Леонид понимающе кивнул:
– И чтобы посмотреть, кто в итоге окажется сильнейшим? У этой теории есть один изъян. Будь это так, не нужно было бы селить всех по всей галактике. Можно было бы взять планетку вроде Земли, перекроить сушу – уверен, они могли это сделать – и поселить каждый вид на отдельном островке. Быстрей бы результаты получили.
Лаш покачала головой:
– Ты мыслишь в верном направлении, но делаешь неверные выводы. Ты исходишь из того, что Инженеры ошиблись, но согласись, что если ты додумался поселить всех компактней, то и они додумались бы тем более. Это не ошибка – это часть их плана. Гуманоидные расы расселены по галактике равномерно и как можно дальше друг от друга.

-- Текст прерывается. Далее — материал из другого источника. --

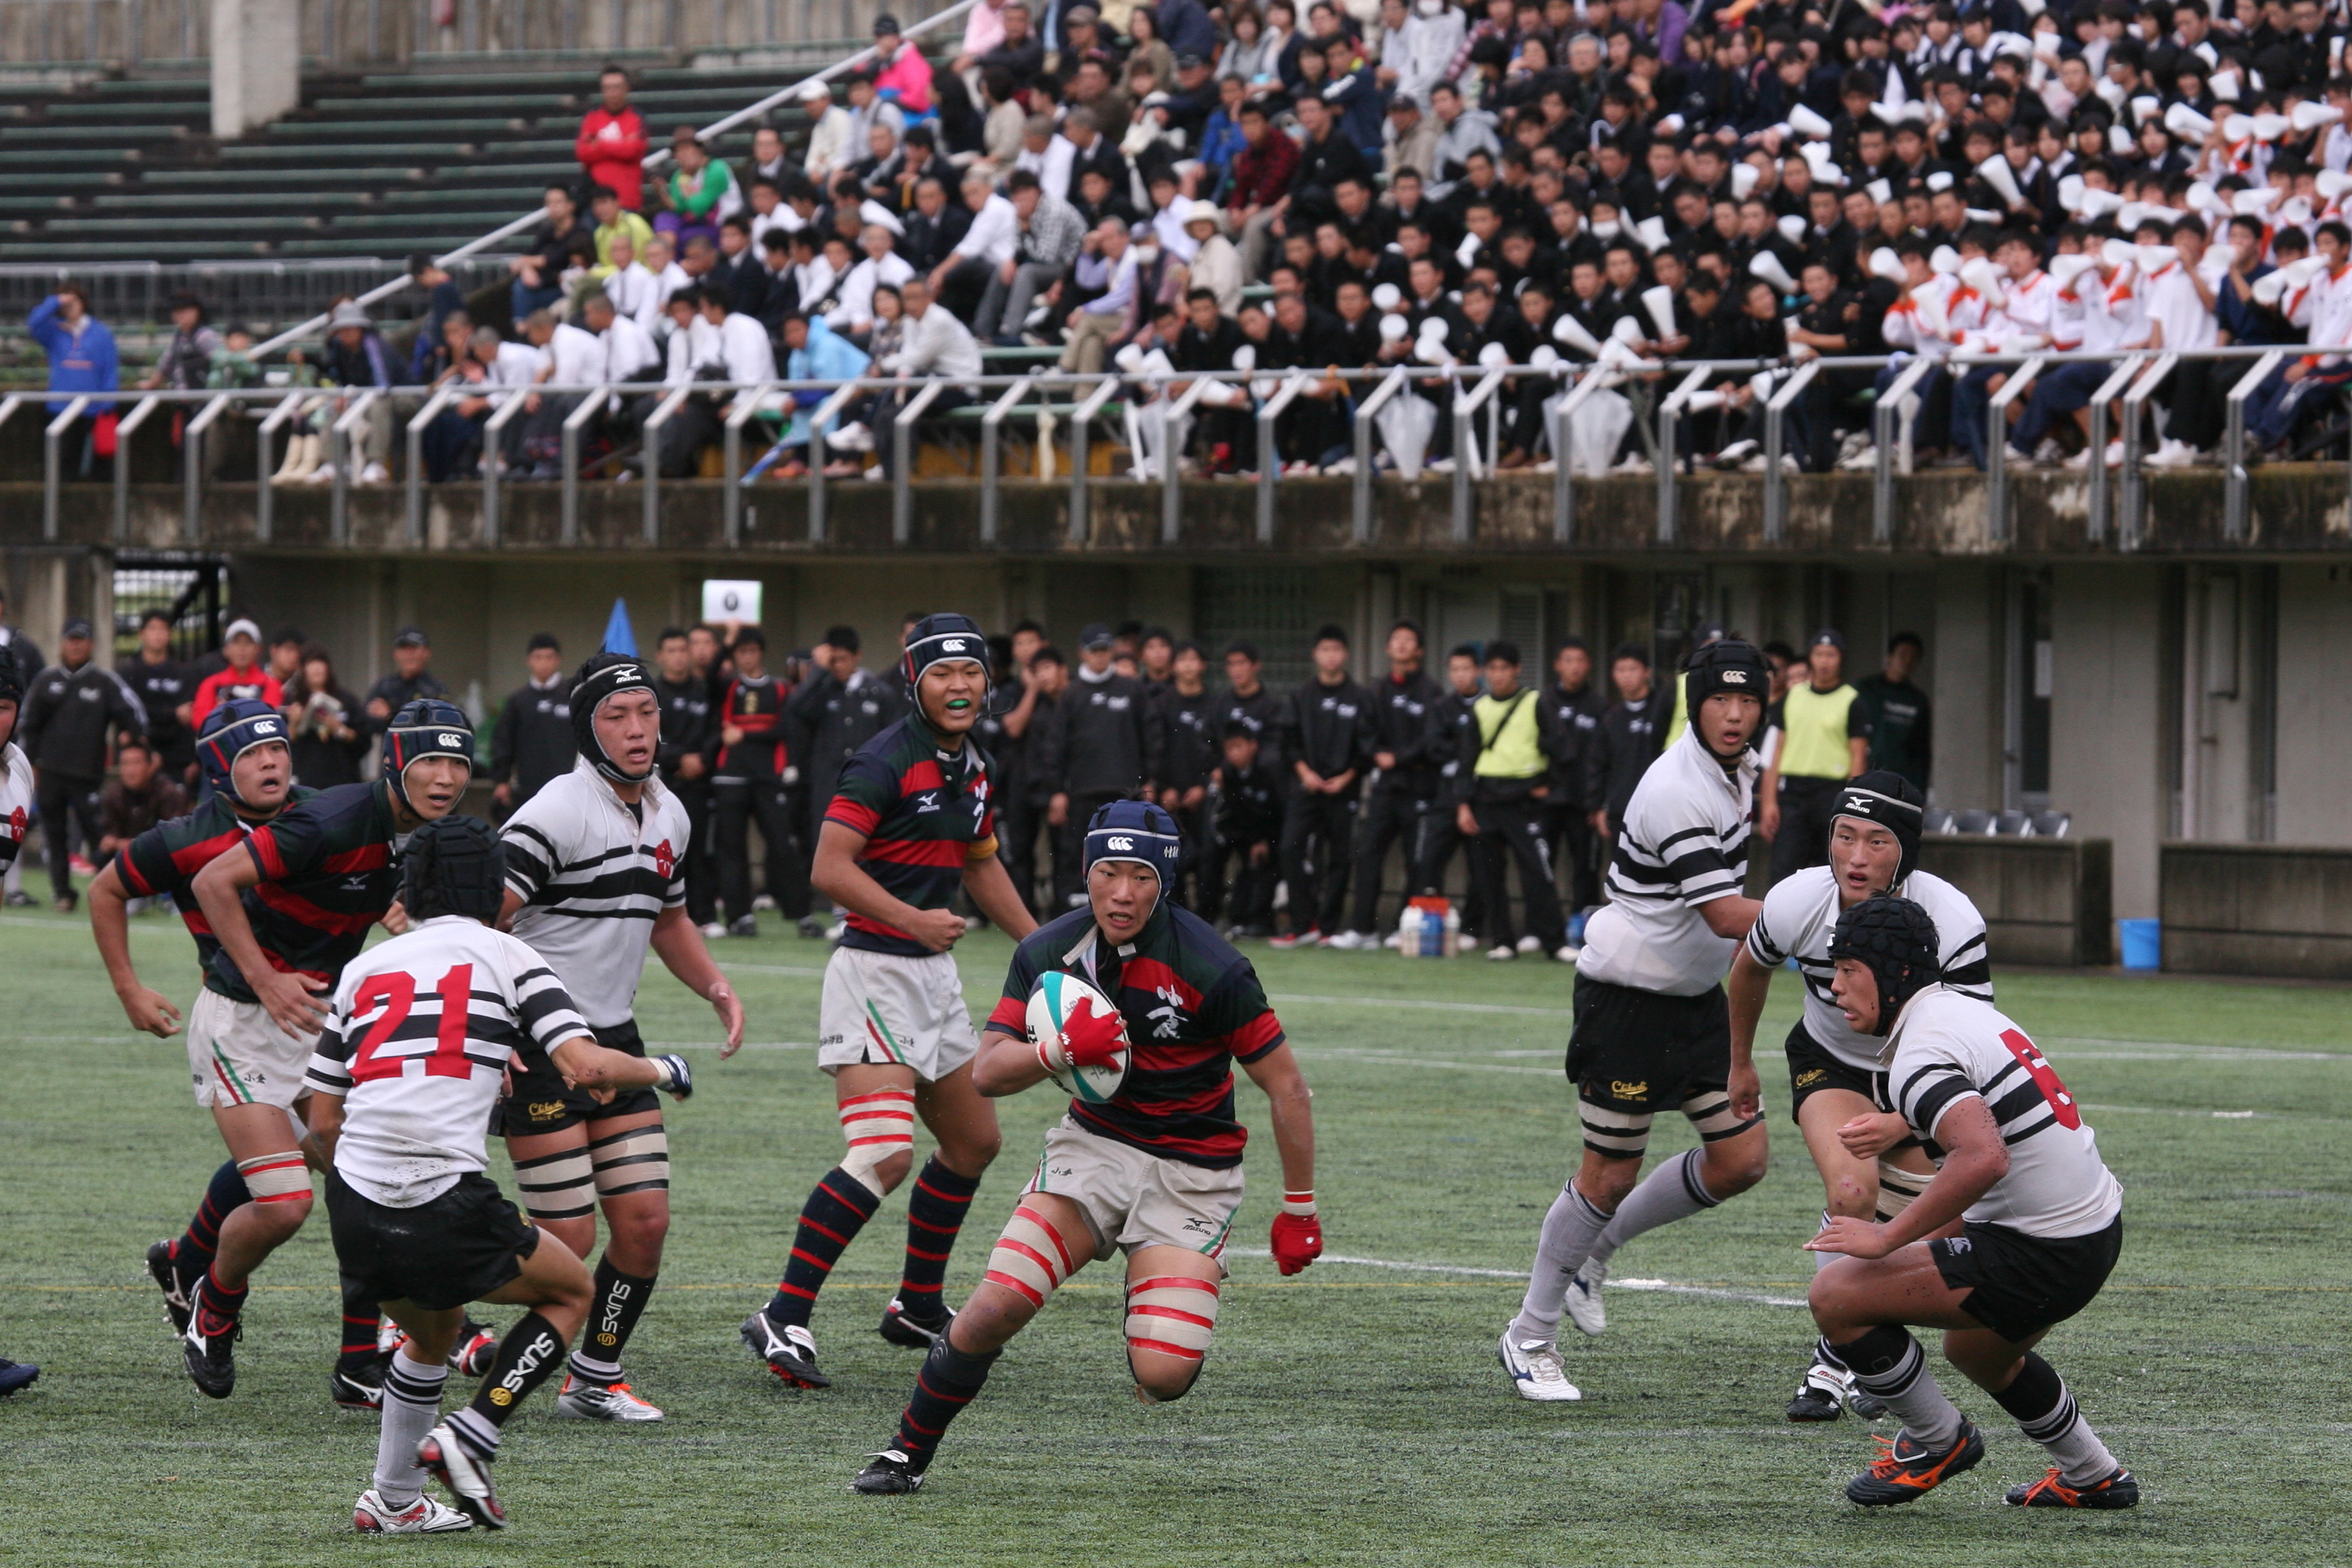 http://kokura-rugby.sakura.ne.jp/2011.11.6-3-36.JPG

Происходи все на одной планете – очень быстро остался бы только один вид, прогрессирующий быстрее всех. Выжил бы сильнейший, истребив остальных.
Понимаешь, именно из этих соображений произрастает идея наша идея том, как должны поступать высшие расы. Инженеры расселили всех на разные планеты, к тому же далеко друг от друга, и любые межвидовые контакты стали возможно не сразу. Даже выйдя в космос, различные врасу не смогли встретиться. Для этого понадобился туннельный гипердвигатель – и десятки дополнительных тысячелетий развития до его открытия. Инженеры сделали все возможное, чтобы их создания встретились только после достижения высокого культурного уровня. Чтобы встреча не переросла в бойню. Чтобы борьба за господство велась не гонкой вооружения, а гонкой развития. Знаешь, один землянин сказал про подводную лодку 'Если бы Господь хотел, чтобы мы плавали под водой – он дал бы нам жабры'. В этой шутке есть немалая доля истины. Если бы Инженеры хотели посмотреть, как мы деремся – они создали бы нас с оружием. Но показательно, что ни одна из доживших до этого дня рас не имеет естественного оружия, помимо зубов и ногтей, или их аналогов.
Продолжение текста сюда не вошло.